FDA approves Teva’s “authorized” generic Effexor XR; the product will be launched July 1 pursuant to a prior settlement with Wyeth:

http://finance.yahoo.com/news/Teva-Announces-Approval-of-bw-2885306480.html?x=0&.v=1

This is a highly consequential launch for Teva because:

• Effexor XR has annualized US sales of $2.4B (based on PFE’s 1Q10 report);

• As part of the 2005 settlement between Wyeth and Teva, Wyeth (now PFE) will not grant any company other than Teva the right to launch a generic Effexor XR until 6/1/11, and hence Teva will have at least eleven months in the market as the sole US generic; and

• The Effexor XR patents in the Orange Book preclude anyone from making a non-at-risk launch of generic Effexor without PFE’s permission until Dec 2013 (and possibly later than that).

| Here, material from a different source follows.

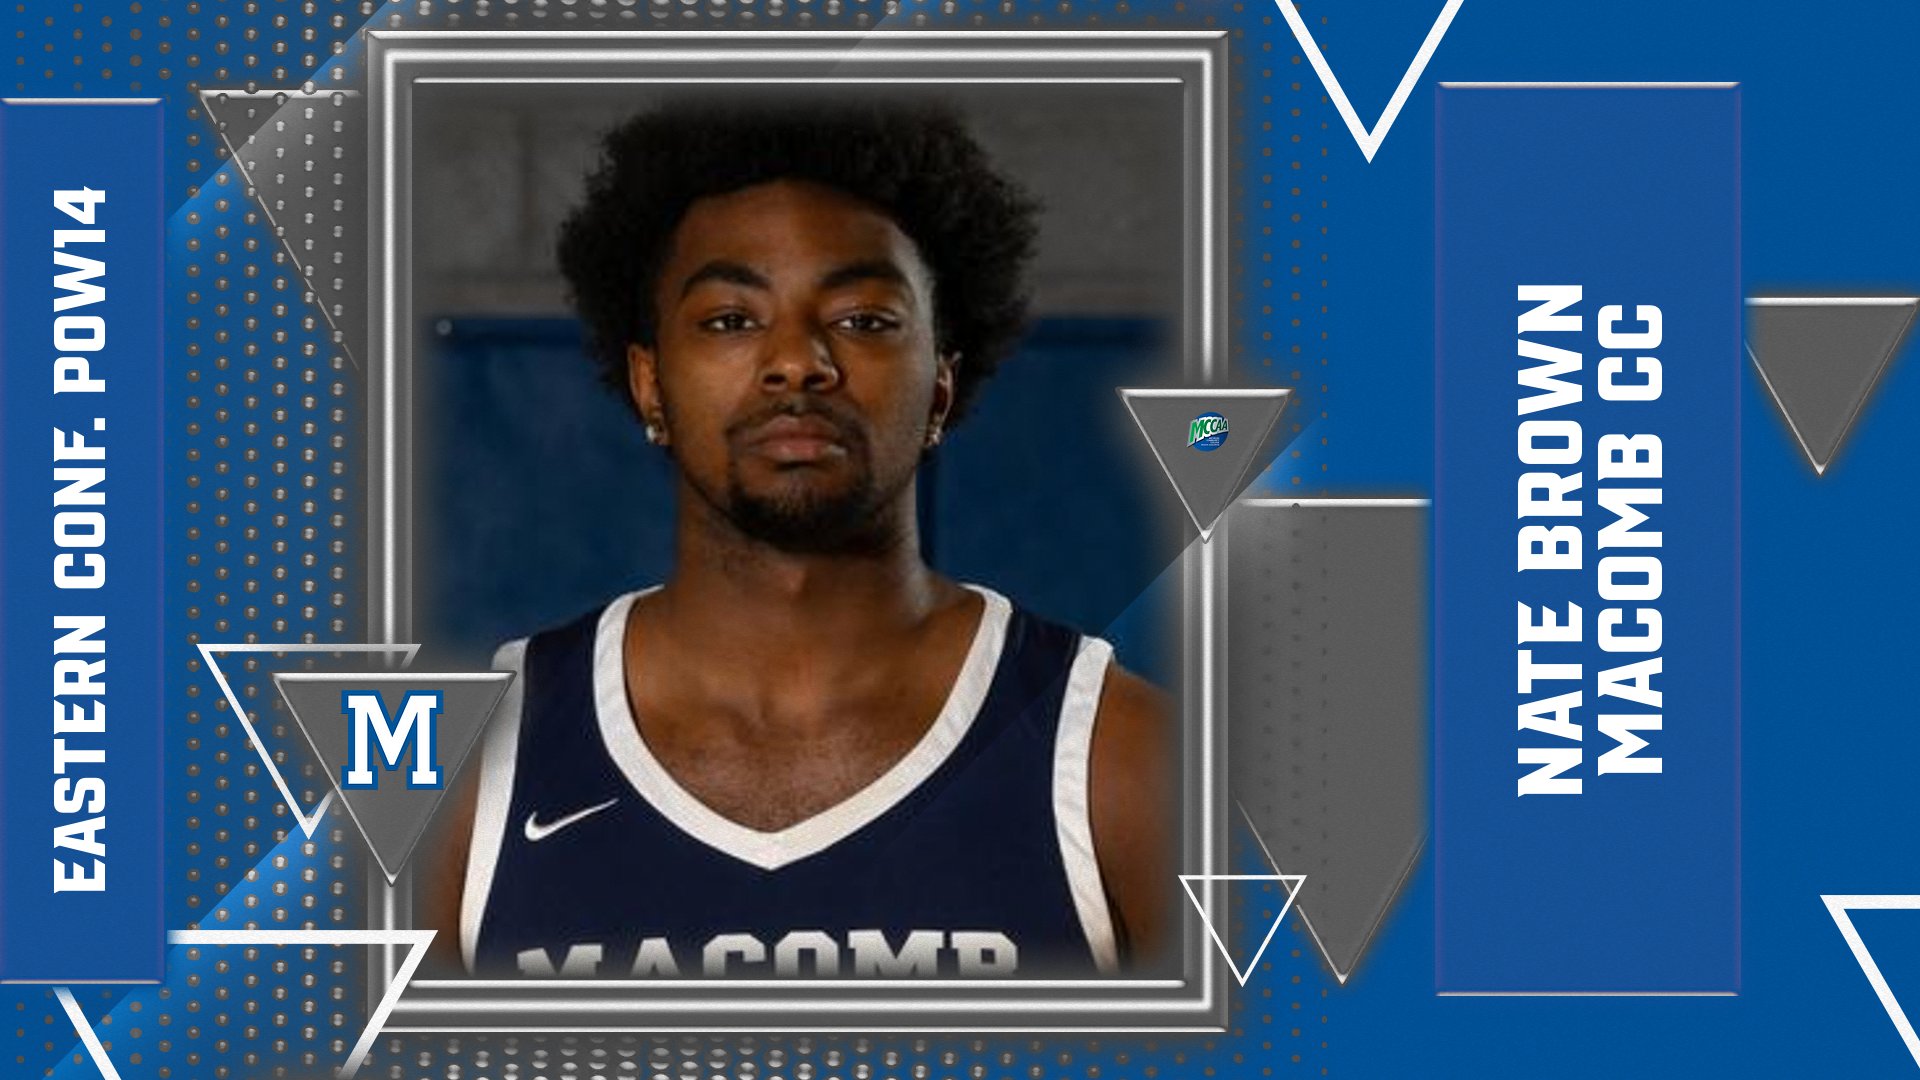 Macomb's Brown Named MCCAA Eastern Conference Men's Basketball Player of the Week14

Thus, Teva’s period of exclusivity could last even longer than the eleven months indicated above.

The Effexor XR situation has been known to investors for some time, so it’s unlikely that Teva will get an immediate pop from this news. However, some analysts may not have incorporated into their models the likelihood of Teva’s having a sole US generic for substantially longer than the usual 180 days.